Journal of Clinical Images and Medical Case Reports

ISSN 2766-7820
Case Report - Open Access, Volume 2

Unusual presentation of an intracochlear schwannoma

Sean Holmes1*; Jeremy Watson2; Katherine Babin2; Gauri Mankekar1

1 LSU Shreveport Dept of Otolaryngology/Head and Neck Surgery, LSU Health Shreveport, 1501 Kings Highway, Shreveport, LA, 71103, USA

2 School of Medicine, LSU Health Shreveport, 1501 Kings Highway, Shreveport, LA, 71103, USA.

*Corresponding Author: Sean Holmes
Otolaryngology Resident, Department of Otolaryngology/HNS, LSU Health Shreveport, 1501 Kings Highway, Shreveport, LA 71103, USA.
Email: [email protected]

Received : Apr 22, 2021

Accepted : May 25, 2021

Published : May 28, 2021

Archived : www.jcimcr.org

Copyright : © Holmes S (2021).

Abstract

In this report, the authors discuss the case of a 49-year-old male presenting with sudden onset moderately severe left-sided Sensorineural Hearing Loss (SNHL), tinnitus, left otalgia, and disequilibrium.
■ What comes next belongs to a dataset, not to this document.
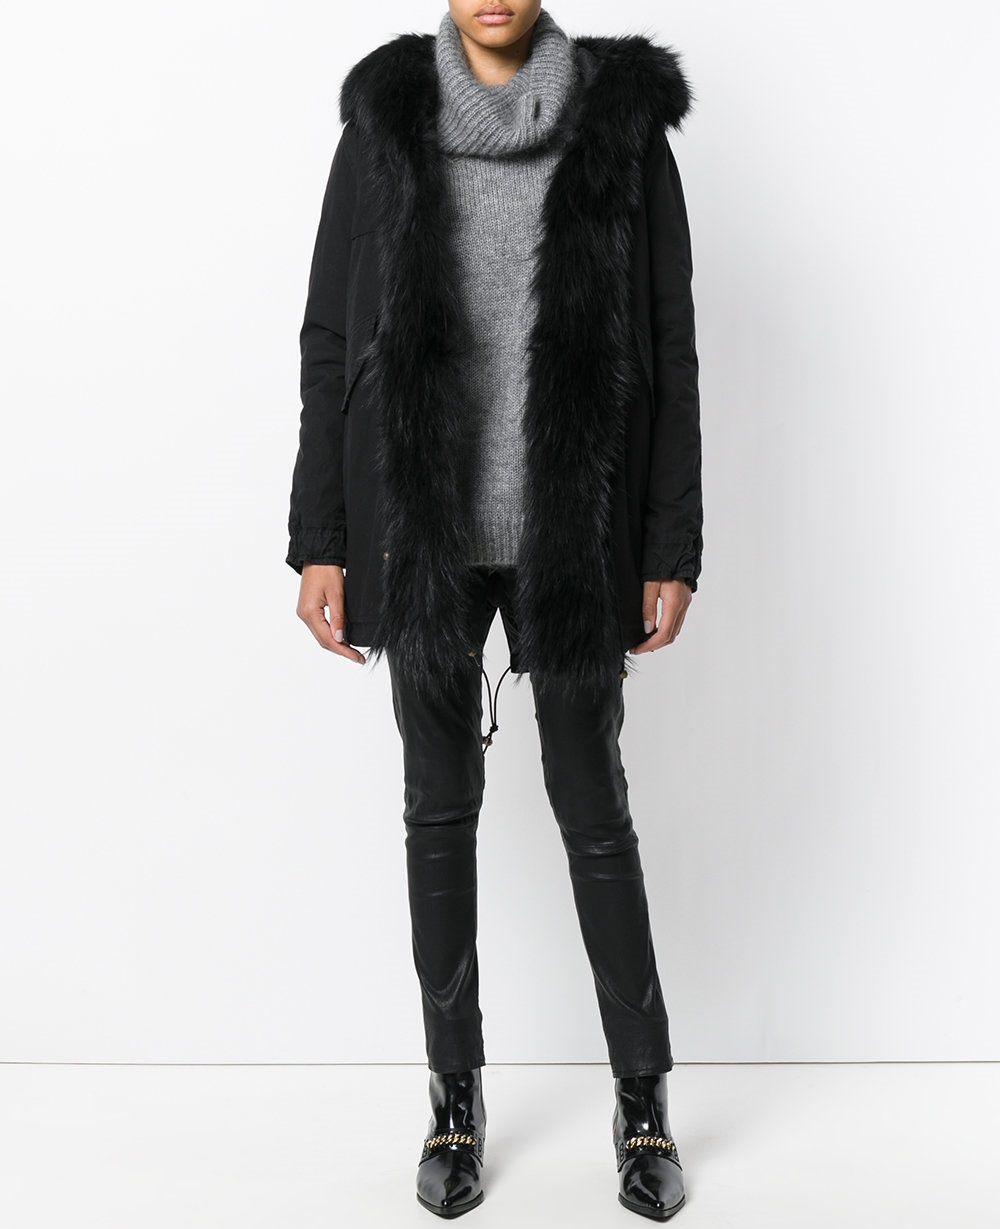 Модные женские платья сезона Зима-2019 новые фото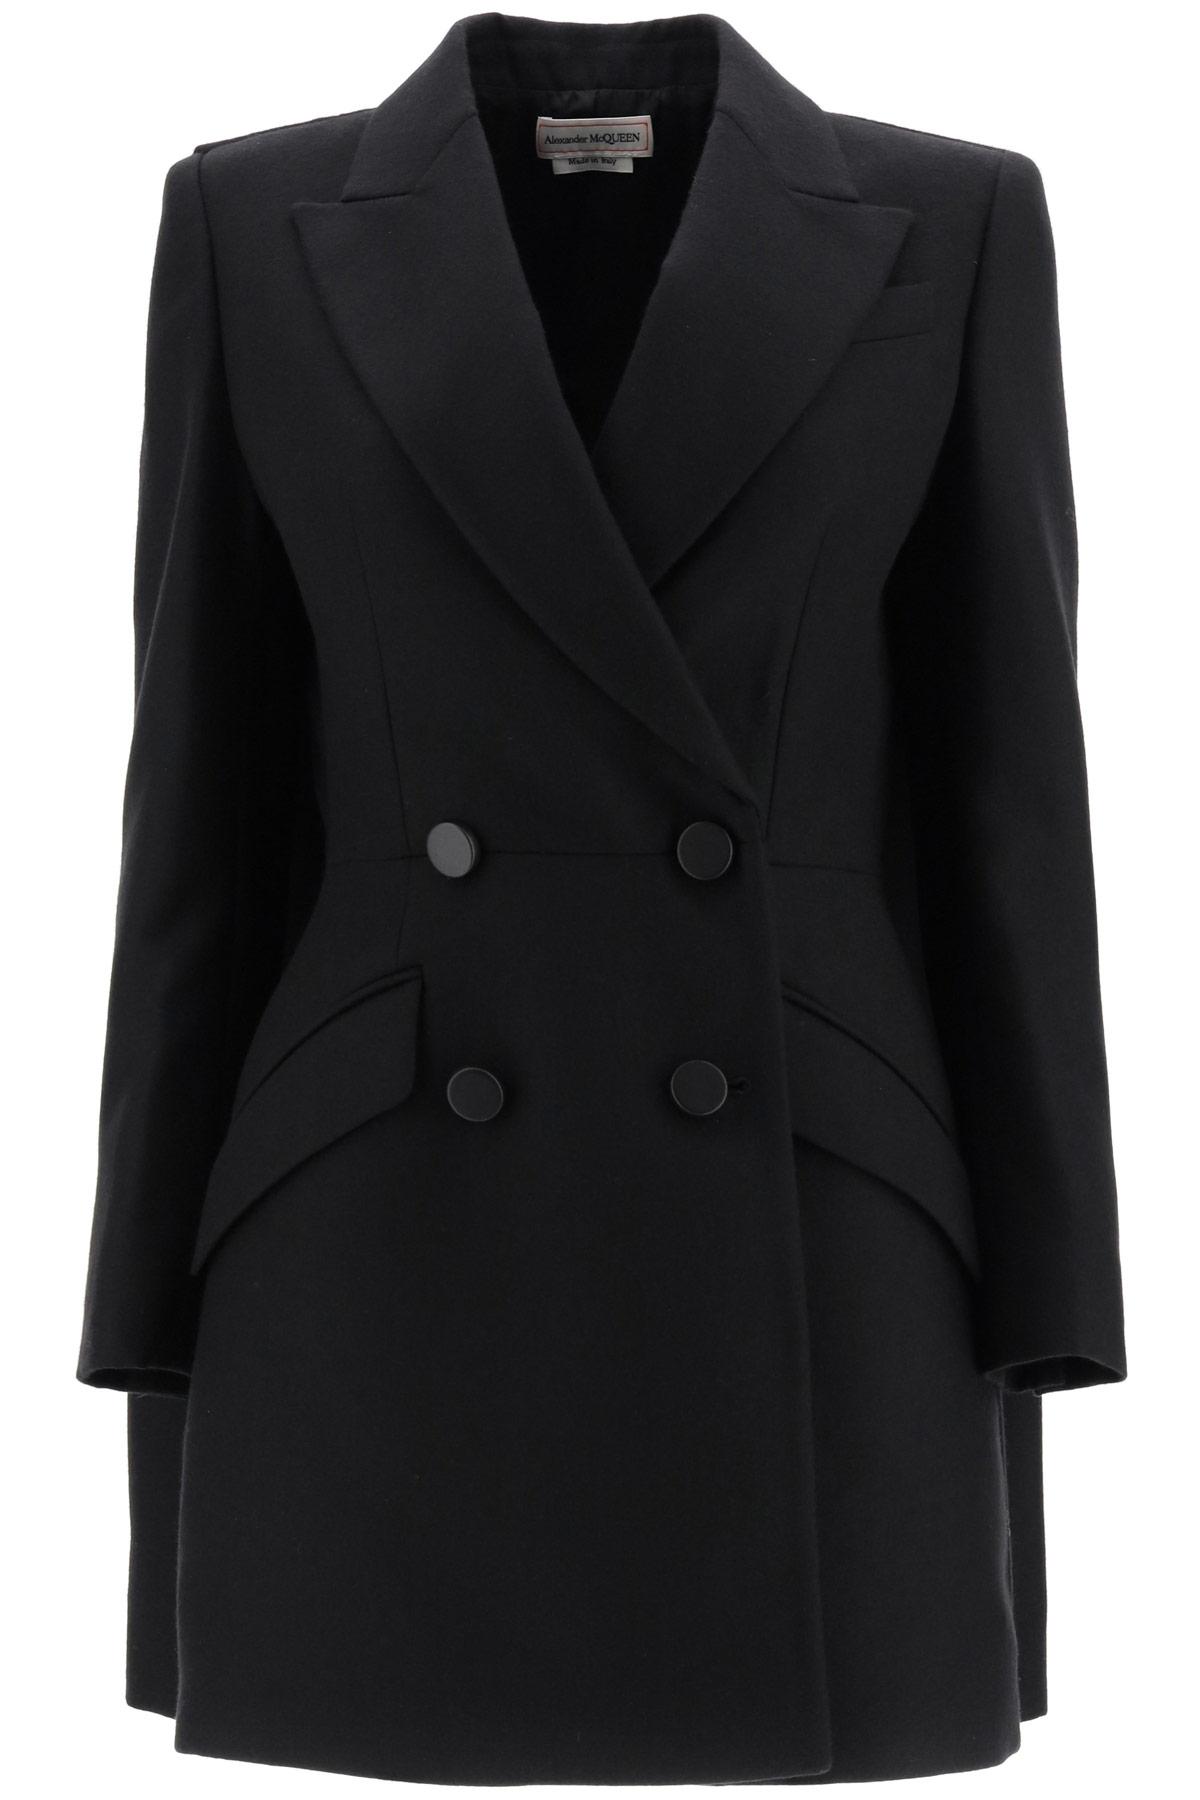 ALEXANDER MCQUEEN WOOL COAT 40 Black Wool

Prior to referral to our facility, an MRI was obtained which demonstrated non-specific asymmetric enhancement of the left cochlea that was initially suspected to be labyrinthitis. Patient was treated with valacyclovir and a prednisone burst-taper prior to referral. Despite this treatment, his left SNHL worsened, and he was noted to have left-sided peripheral weakness on Videonystagmography (VNG). Upon referral to our facility, MRI demonstrated an Intra-Cochlear Schwannoma (ICS), with possible associated hemorrhage into the cochlea. After discussion of treatment options, repeat imaging in 6-month interval demonstrated stable persistence of the lesion with no growth. The patient is currently being followed with a “Wait-andScan” regimen. Sudden unilateral SNHL is a rare presenting symptom for ICS and this case highlights not only the rarity in presentation, but also the complexity in diagnosis due to the possibility of intracochlear hemorrhage complicating the imaging work-up.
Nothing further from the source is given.